President Obama has been facing a lot of unfair criticism over his strategy against ISIL, attempting to balance defeating the terror group with avoiding war.

Now, after basing many special operators in Northern Syria to support the Kurdish Pershmerga and other local militias fighting the terror organization, the political pressure facing the president has reached ear popping levels.

Some war-weary Americans worry that by putting troops on the ground in Syria, we are creeping towards an inevitable full-scale invasion. This is possible, but unlikely under Obama because he has made it clear throughout his presidency that he does not want to engage in a full-scale invasion like the United States did during the Iraq war.

“If the Iraqis themselves are not willing or capable to arrive at the political accommodations necessary to govern, if they are not willing to fight for the security of their country, we cannot do that for them,” Obama said, according to Politico.

There are already just over 3,000 troops stationed in Iraq supporting and training their security forces. Though these troops may face dangerous situations, they are not conducting their own combat missions.

Obama deserves credit for trying to handle this situation in a strategically and calculated way.

A December CNN/ORC poll showed that the majority of Americans support sending ground troops into combat operations in Iraq and Syria at 53 percent.
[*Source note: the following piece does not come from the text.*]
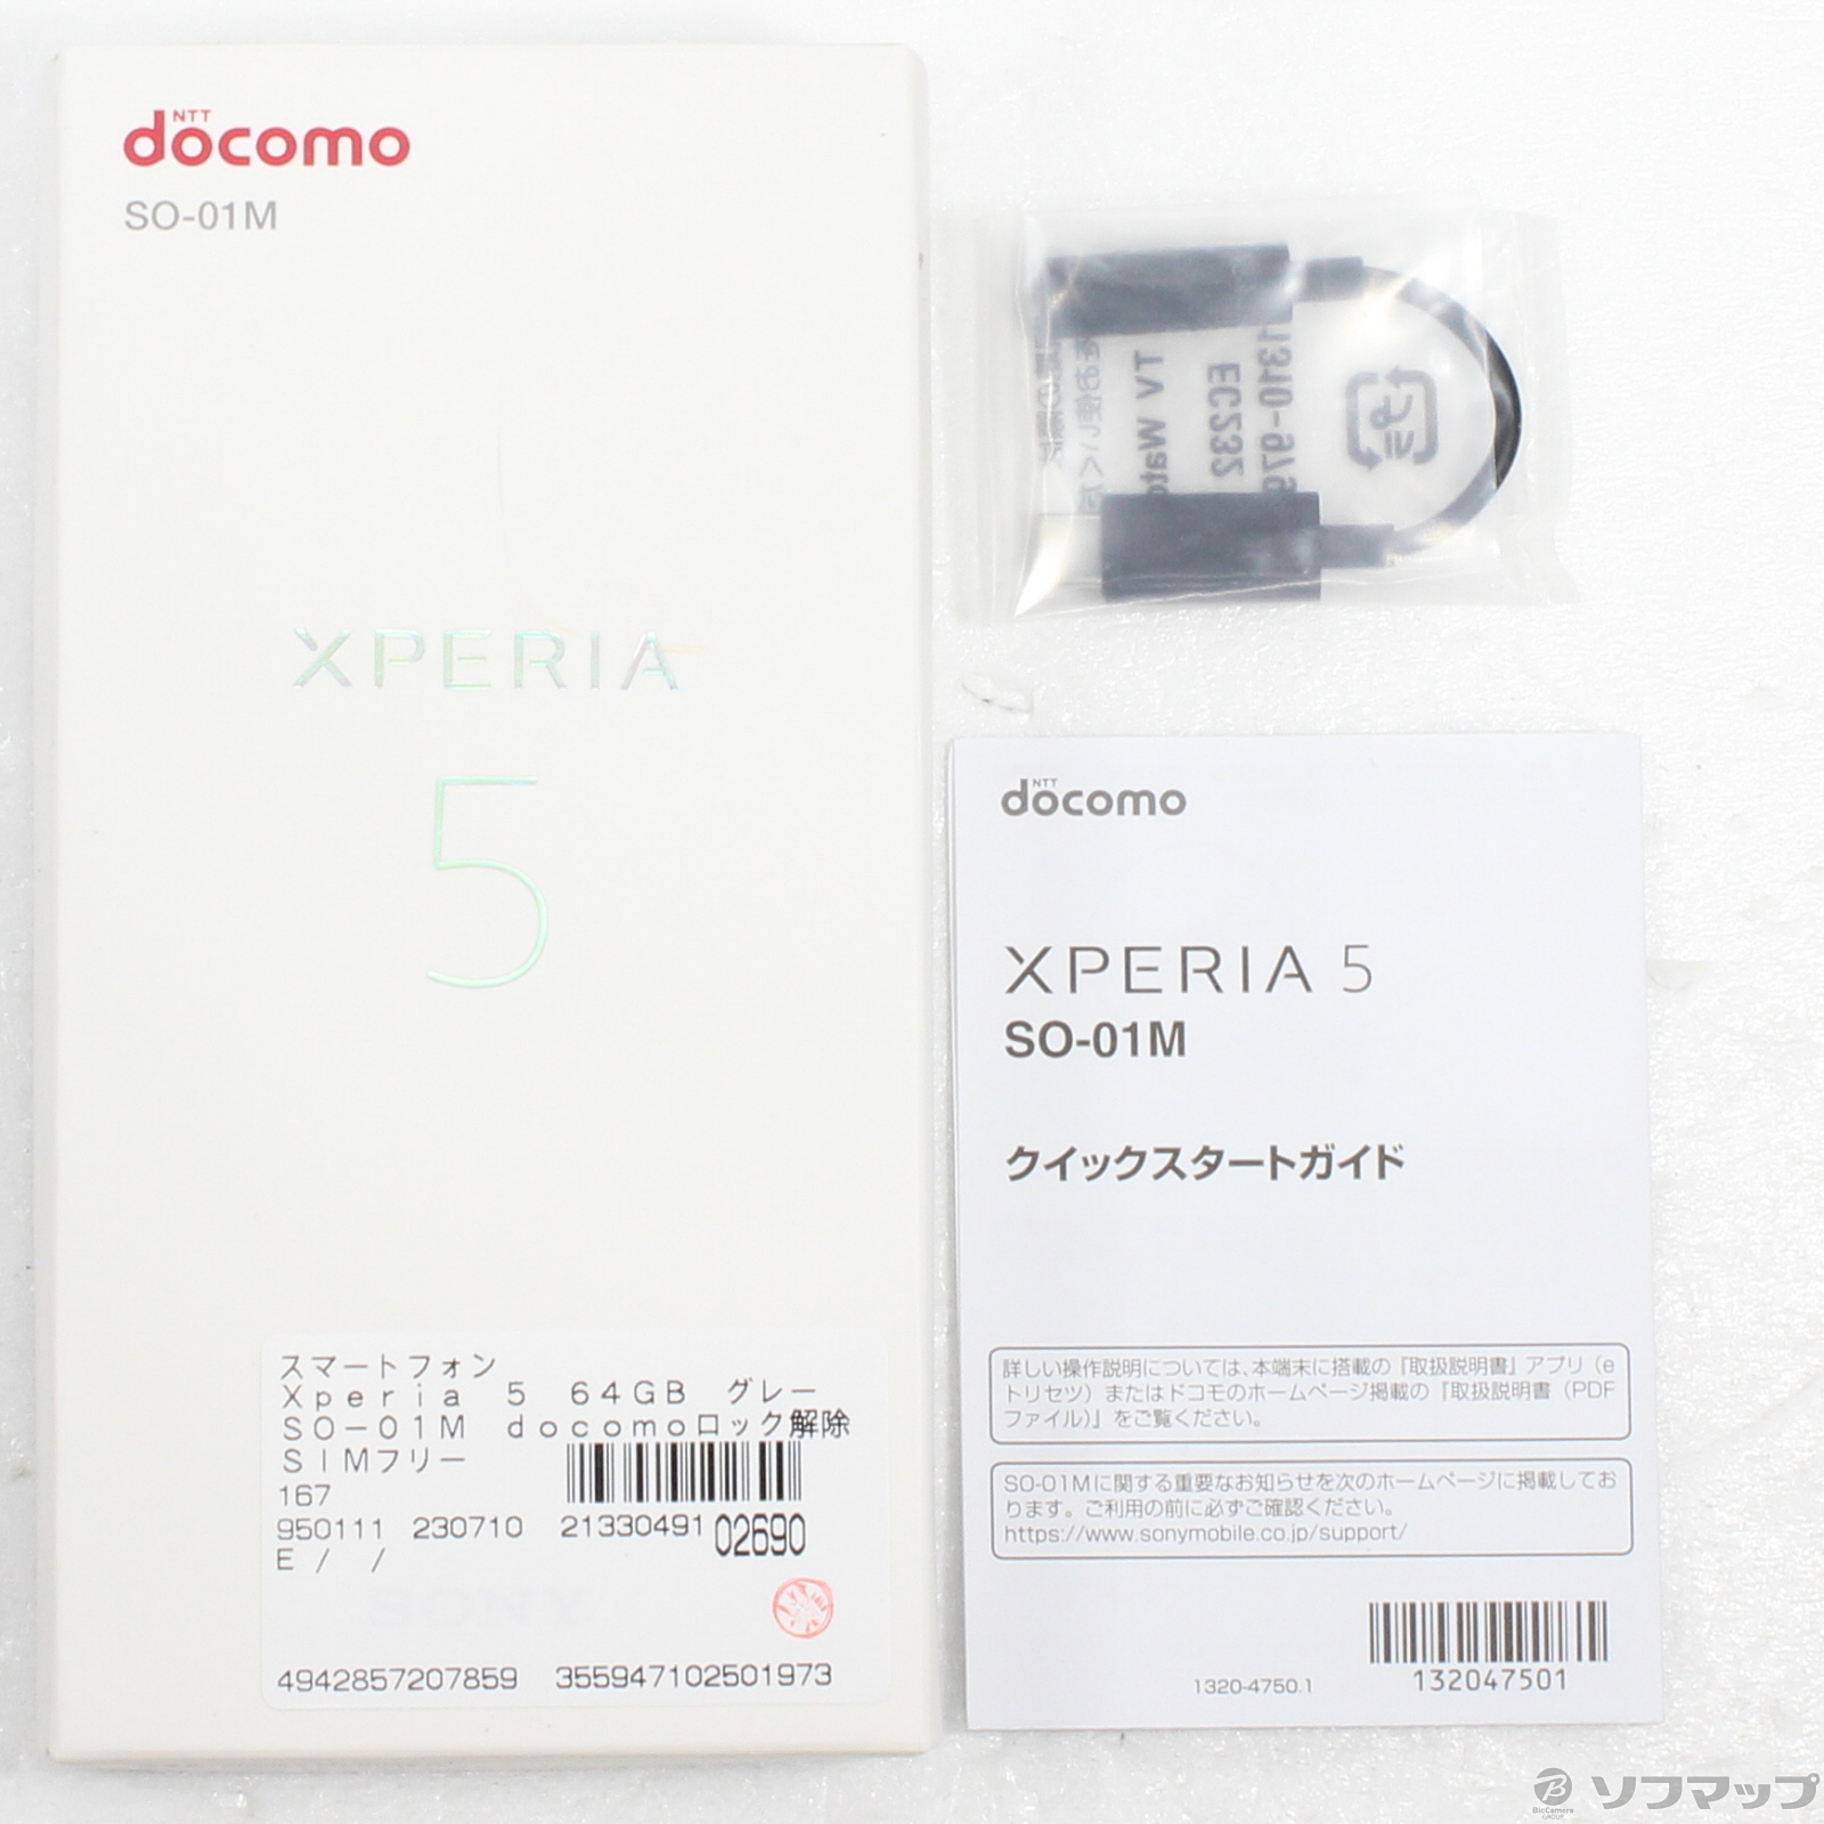 Xperia 5 グレー 64 GB docomo SO-01Mリフレッシュ品 | nate-hospital.com

What some of these people may not realize is that there are already ground troops there.

Going into a full-blown ground war is a decision that the American people do not take lightly, unlike war hawk politicians like South Carolina Sen. Lindsey Graham, who already wants to send 10,000 American troops to Iraq.
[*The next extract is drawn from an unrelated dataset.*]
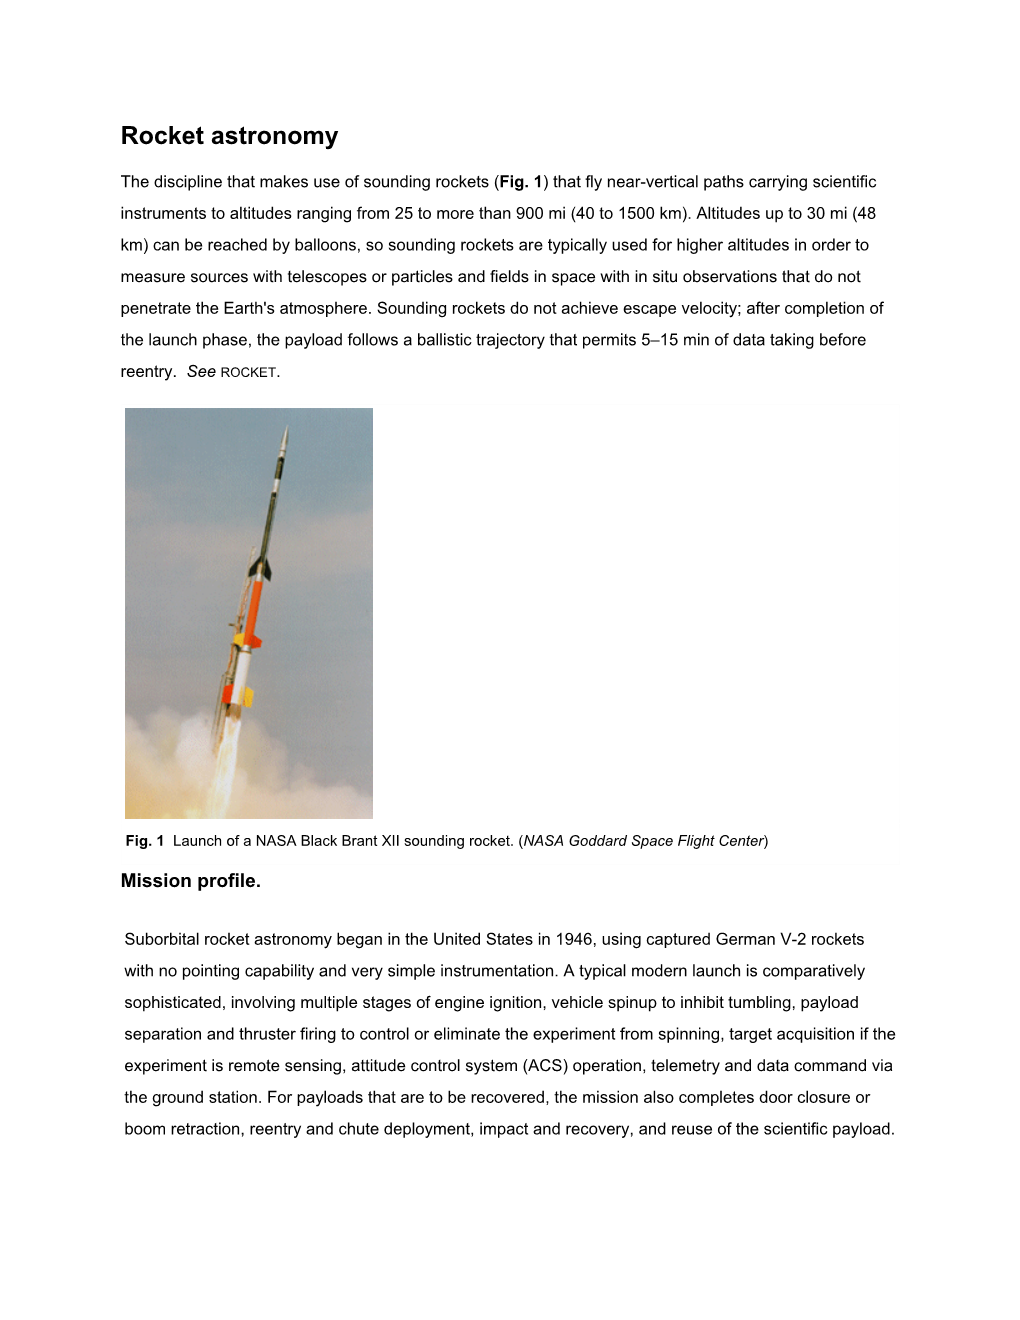 Rocket Astronomy

These troops would be in grave danger, and we would have to commit to staying there until the mission is complete.

Texas Sen. Ted Cruz once said that America should be able to defeat ISIL in 90 days, a timeframe that is terribly unrealistic.

Former General Martin Dempsey told Cruz at a Senate Armed Services Committee hearing in September that his plan is “not possible.”

“We could destroy a lot of equipment; we could drive them underground, if you will. But as I said, they will only be defeated or destroyed once they’re rejected by the populations in which they hide,” Dempsey said at the time.

Until those populations do as Dempsey said, another costly American occupation of Iraq would go to waste. The Iraq war caused thousands of brave American lives and trillions of dollars to be lost, and it is possible a full-scale war against ISIL would cost just as much, if not more.

Obama is trying to see if America can handle them without having to take on these horrible costs of war.

People that think America should go into Iraq and Syria with an iron fist have to see past defeating ISIL. It is definitely possible for us to send thousands of troops in to destroy their so-called “state,” but what happens next?

If we take them out and leave, there will be a vacuum for another terrorist group to come in and takeover, just as ISIL did after we overthrew Suddam Hussein.

Recently they have also gained territory in Libya, so if we commit to war with ISIL, we have to be ready to send troops to more than just Iraq and Syria.

Americans should not blame Obama for taking the moderate approach to this decision.

With one faction of Americans completely opposed to war, and another wanting to move aggressively toward it, we have a president that is finding the middle ground.

That is a rare occurrence in modern American politics, something we should all be able to appreciate.